Edit: never mind the last parenthetical; it pretty much wouldn't help in a database leak at all (just adds one extra hashing step to the cracking process), sorry. Still helps for non-HTTPS logins though.
Edit 2: ... though maybe if the client-side hash were something strong like bcrypt, it would help in the case of database leaks on HTTPS sites that refuse to use strong hashing on the server side for performance reasons. Sorry for the rambly disorganized post.
For MITM attacks, sure. But it's a fairly portable, inexpensive way to make it more difficult to use your password with other protocols. For example, intercepting a plaintext Google password has a decent chance of making someone's bank account vulnerable.

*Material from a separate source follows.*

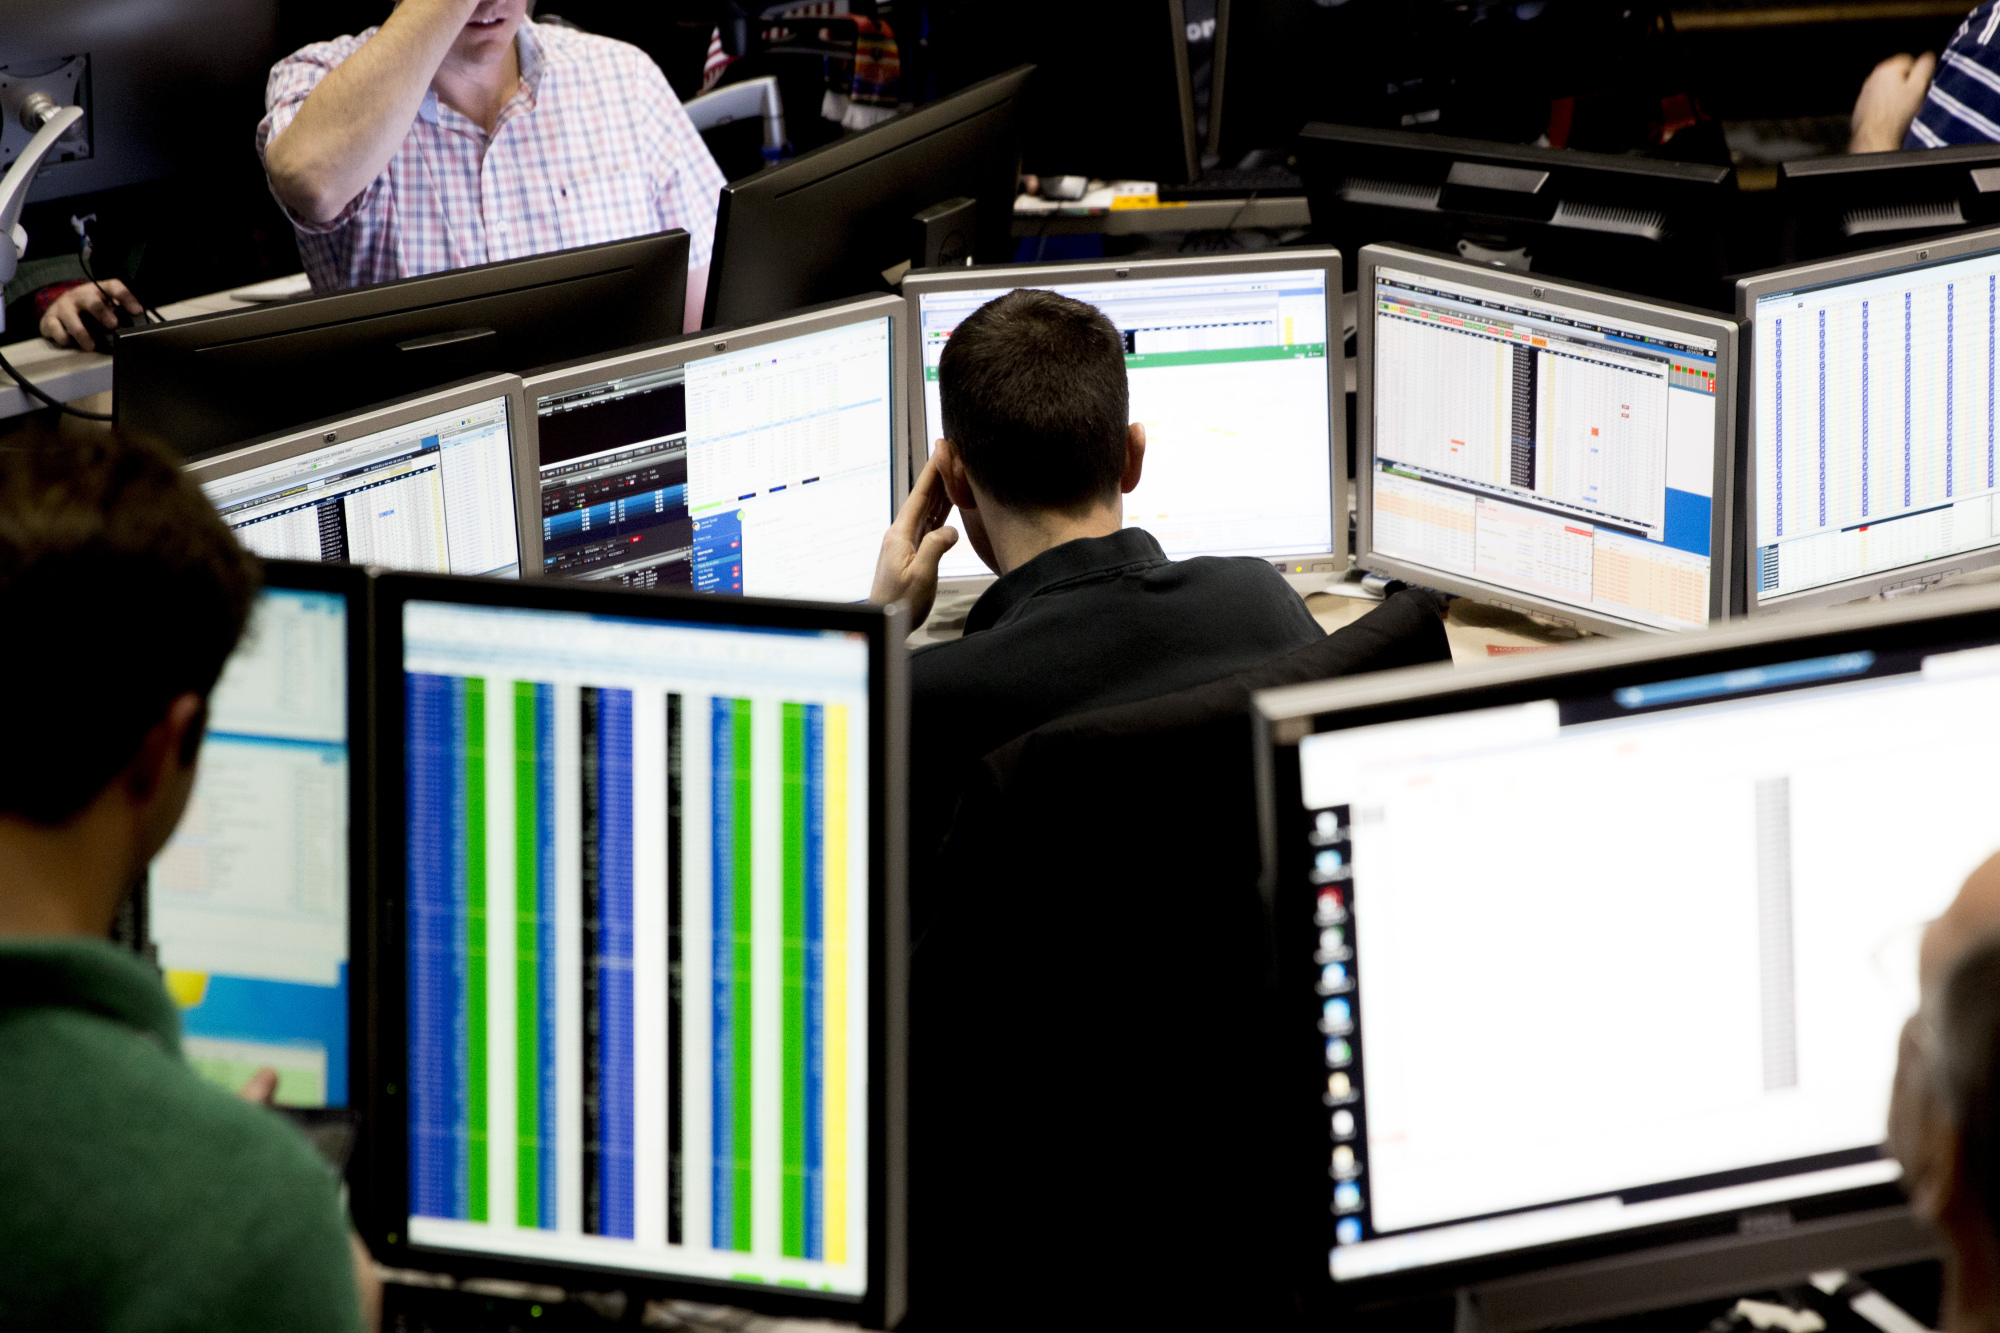 A trader looks over computer monitors as he works in the Cboe Volatility Index (VIX) pit on the floor of the Cboe Global Markets, Inc. exchange in Chicago, Illinois/

Right. If someone is able to infect the browser with malware, MitM your HTTPS connection, or even just load mixed HTTP/HTTPS content, then they are able to run Javascript in the login page. If they are able to run Javascript in the login page, then they are able to monitor the keystrokes as it is typed in.
This is not theoretical. This is what Tunisia did to Facebook and it's what online banking trojans (e.g. Zeus) do every day.
> Google accepted hashes in two formats only... MD5 or SHA1.
It's not surprising that they don't support importing custom formats. They support two formats to bulk-import and then surely convert to their standard from there.
Also, many big service providers still use MD5 or SHA1. I saw a company migrate to Google Mail from an old legacy mail system and part of that was integrating some authentication services too. This was several years ago, but at that time, Google accepted hashes in two formats only... MD5 or SHA1.